4 things that upset me when I first became a mum that I am #nofucks about now
1) Unasked for advice. I used to see it as a personal attack, highlighting my inadequacies,
“You know you shouldn’t go to her every cry,”
or “you know it’s traumatic to a baby when her mum ignores her crying” I was like, “yep… I’m a child abusing, over protecting huge fuck up that should die. I would dispute them with facts, kind of like the way keyboard warriors love a good ‘statistic’ I’d be like “Well I researched and early anxiety in children is actually linked to….. and not….. (note that I have gaps because I cant for the life of me remember what any of these facts are now) Come my forth baby and people would say “Oh no you cant burp him in that position, its proven to force the gas back down creating bubbles of baby gas fart bombs inside the third chamber of the left compartment of the large intestine and make his reflux worse.” And I just stare back and finally say “Thank you, thank you so much.” 2) My lack of social life. I used to enviously watch on from my computer screen (I didn’t get an iPhone until my second baby) Covered in sour milk while Bill went out with the boys and sent me a text telling me how much of a great night he’s having and how I ‘should check out this new bar in town’ while I felt like a loser with no friends and no nice clothes and no reason to wash the yellow baby shit out of my hair, old before my time. Now days I’m still at home with my children, Bill has joined me though and I see other peoples boyfriends getting tagged in pictures, at new bars, out with the boys while their girlfriends are at home with new babies and the realisation hits me, they are the losers. Missing once in a life time moments for another night out that will eventually all blur into one.

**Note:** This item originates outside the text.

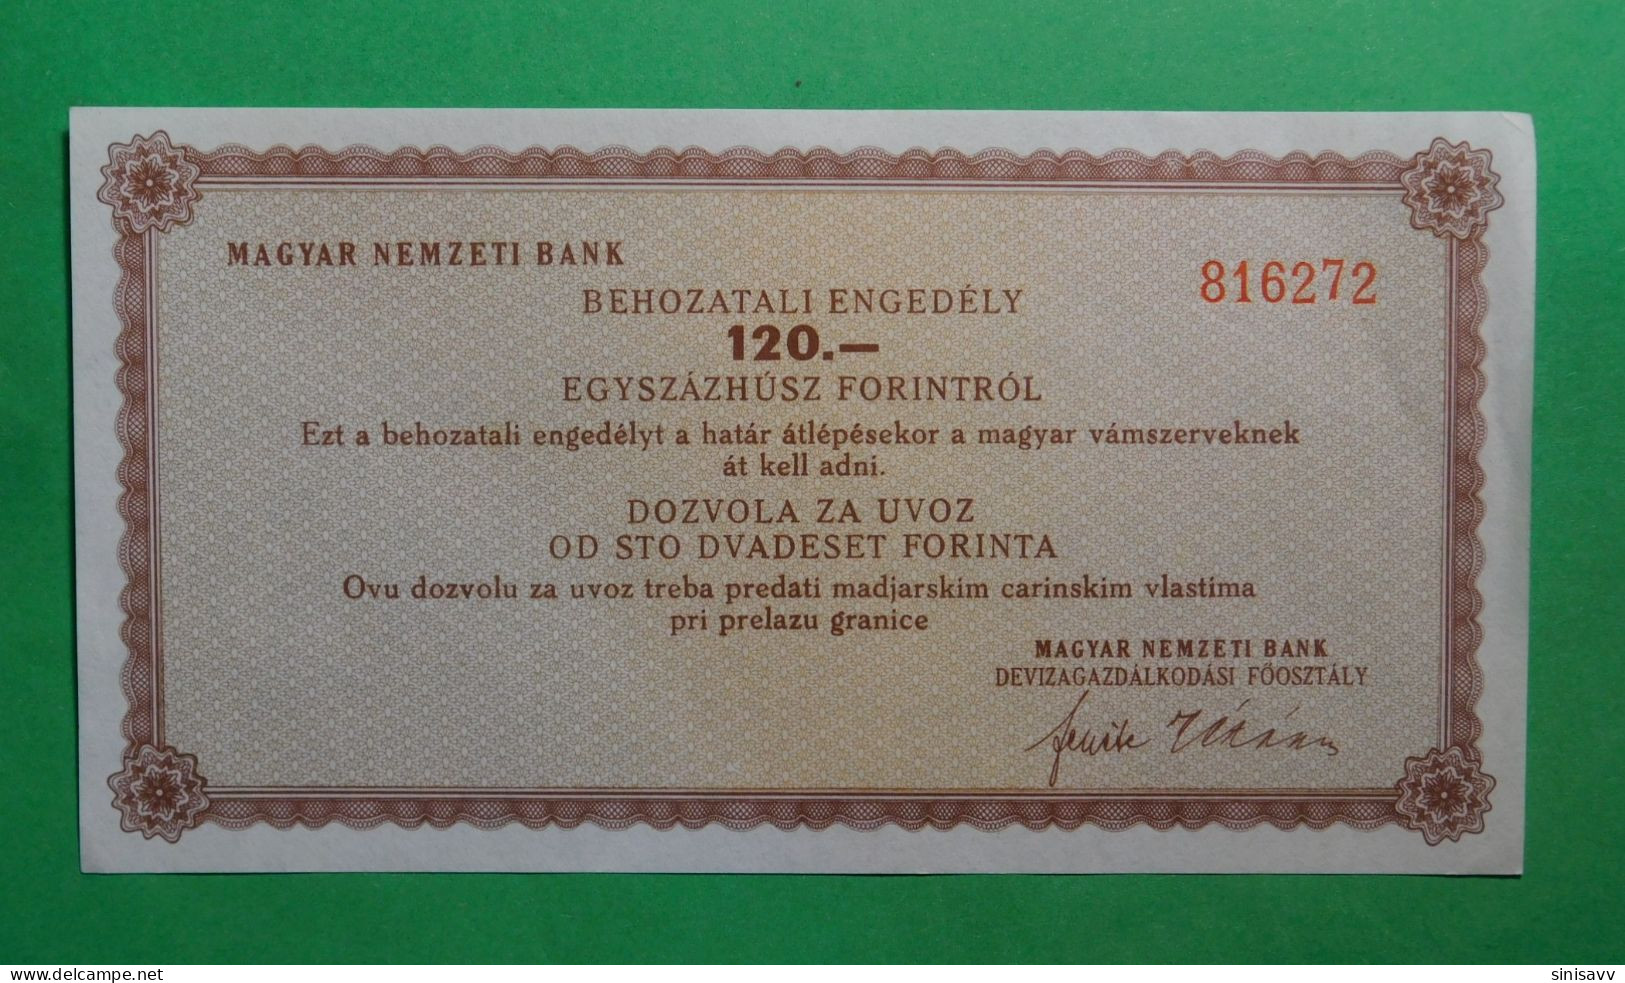 Magyar Nemzeti Bank - Behozatali Engedely 120 Forintrol - Dozvola Za Uvoz Od 120 Forinta - Hongrie

3) Stuff, stuff upset me when I had my first baby. We lived in a tiny flat and my new baby was sharing a room with my step daughter and we couldn’t afford to buy a cot so I had to ask around and borrow one from a friend of my mums ex boyfriend. Id go to friends houses and they had everything from designer nappy bags to top of the range baby bouncers that looked like NASA had beamed them down from space. Ive never been materialistic in my life, something about having my first baby made me feel like I needed stuff. If Im getting thrown food at by a small arsehole it just seemed to pack a bigger punch that the highchair was a second hand $24 ikea one, surly hurled mash felt ok from a $300 brand new one? I had a $500 car that rarely started, once I had a friend’s new girlfriend walk me and my baby to our car and she couldn’t believe it was mine… “Hang on? Aren’t you supposed to get a Prado when you have a baby? Like… this isn’t even safe? if you crashed and shit this thing would disintegrate” Me “yeah… lets call Bill and tell him to grab me a Prado on his way home and shit… cos its that easy and like me and the baby are gonna die on our way home if you dont… and shit..”

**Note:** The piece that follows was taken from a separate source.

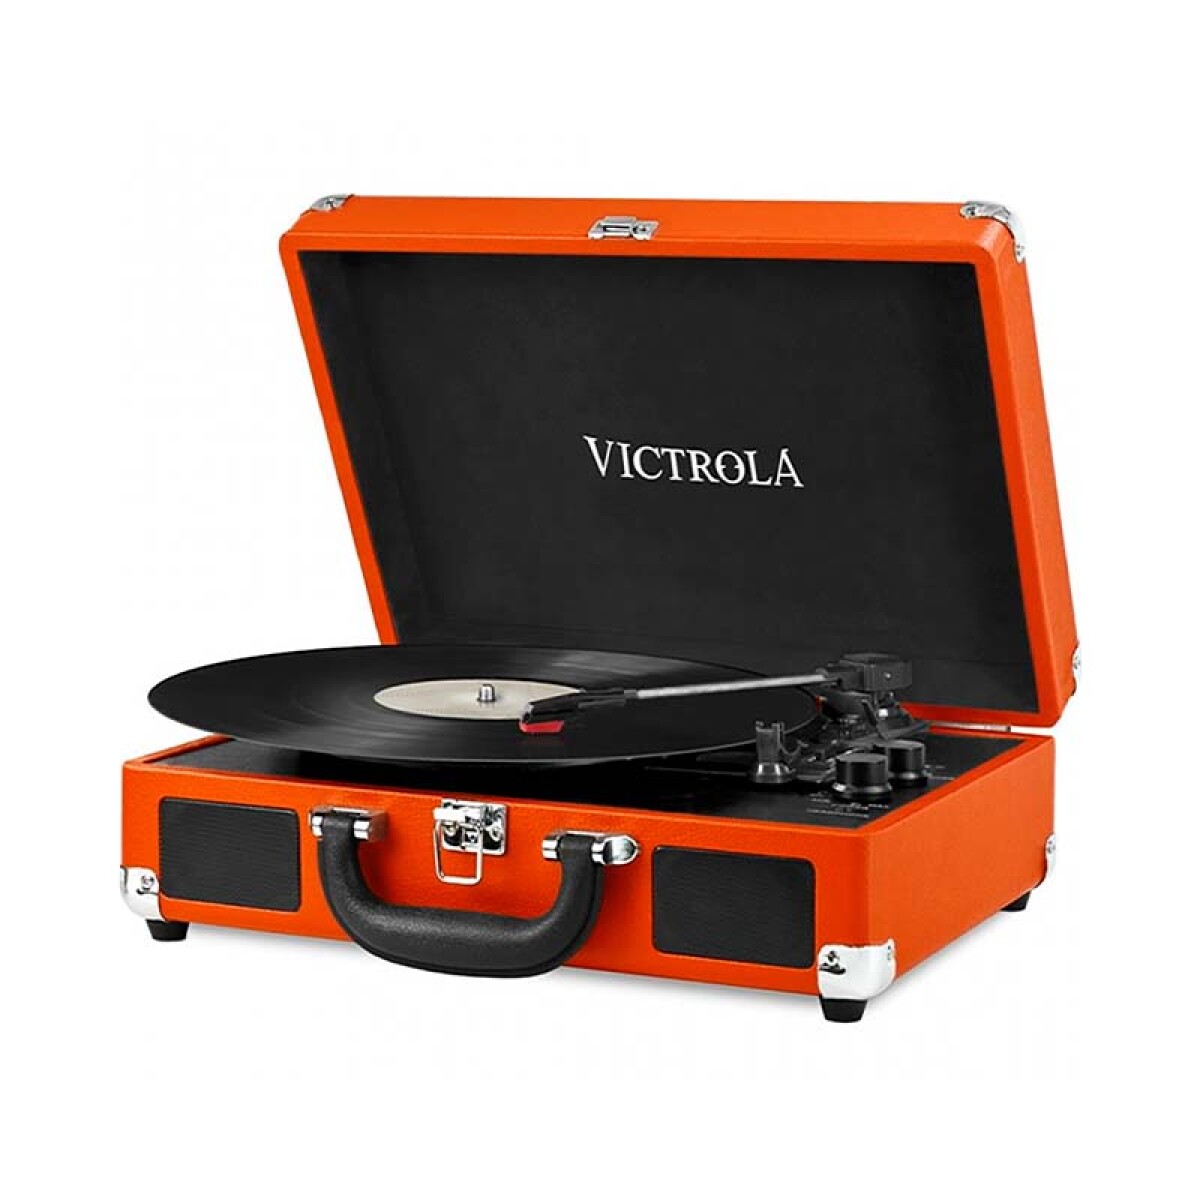 Victrola Vintage 3 Speed maleta naranja - Unica

By the time I had my forth baby I had lost my drive for stuff, the twins live in hand me downs and I have a firm belief that owning an expensive car won’t make my life anymore satisfying. We do have more then we did back then, it doesn’t necessarily make me a happier person, I will always find an excuse to complain, thats my skill. At one point I wanted a thermomix, because everyone told me it would make my life easier. I opted for the cheaper version, the Bellini. As suspected I used it 3 times and its now a constant remember of how little cooking I do. Basically if I was to pay over 2k for an appliance it would want to cook from scratch, wash my dishes and give my husband a blow job once the kids were asleep. Stuff breaks, it gets old and to be honest it just doesn’t inspire me. Holidays do, cocktails on holidays are my kind of stuff. Most of all, when I had my first child I feared women. I knew that they had been doing this longer then me, like when you start a new job and all the old experts are watching the way you do things and sometimes even laughing while you fumbled your way through unknown territory awkwardly trying to look fluent, adequate, unique. I thought that was what joining this cycle of mothers was, so I kept my distance and did my own thing and subsequently it became the loneliest time of my life.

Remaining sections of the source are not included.